A Data Driven Future

There is a growing awareness of the power of data to be a lever with which humanity can change the world for better. This is serious stuff. Save lives. Heal our planet. Generate immense real economic and improve the quality of life of nearly every living human being. The application of data science to the rising tide of data inundating our lives is an important part of achieving these benefits for humanity.

All segments of all industries must rapidly adapt to a data driven economy. People and companies that bury their heads in the sand will only to fall behind with greater velocity over time. Technological change is not only happening faster, it's velocity of change is increasing and thus the magnitude of its impact, positive and negative, in ever shorter time cycles. Feel like things are changing faster? They are changing faster.

When it comes to data and the science we want to do with that data, there is no one pill to cure all our ills. There is no easy button even though that is what everyone mistakenly wants. To learn how do use data to change the world, we need to understand it’s core properties.

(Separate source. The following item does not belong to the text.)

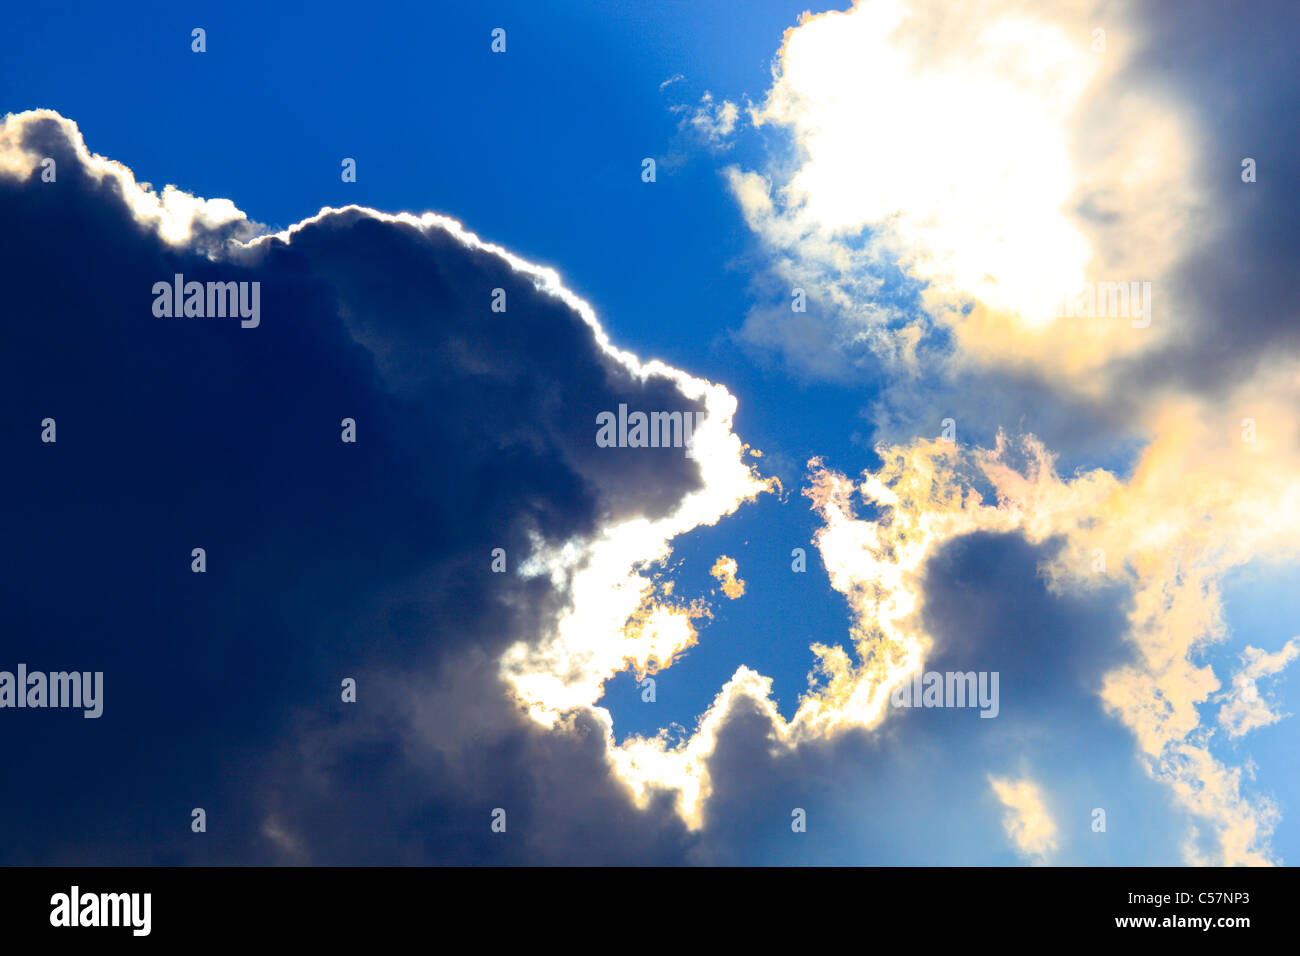 Thunderstorm, sky, pattern, sample, rain, sun, sunrays, mood, cloud, clouds, abstract, blue, blue sky, graphical, gray, atmosphe Stock Photo

There are four things to know about data that stand out as especially important.

Data is an Asset. It is like real estate, a bond, cash in the bank or an automotive production plant. When you begin to consider data in this way, it changes how you choose to manage it over time. It changes how you assign value to data.

Data is Digital. Data is unique in many ways because it is digital. This gives it, generally speaking, a low marginal cost of replication and reuse. This can be a blessing or a curse depending on how this little detail is managed and used as a lever to generate value from data.

Data is Strategically Valuable. As a digital asset, data is strategically valuable to the on-going concern of any entity be they a person or an organizations. This just seems obvious, and gladly, it’s becoming more so now that we have the actual tools becoming available more broadly to use the data we can generate.

Data is Dynamic - Data will never stop changing. Even if you just leave it alone it'll rot or age. Some data has a very short half-life of value. Other data, like a fine wine, just gets better with age (and integration). If your data management systems do not account for this, you'll end up with a data cesspool instead of a pristine and beautiful data lake.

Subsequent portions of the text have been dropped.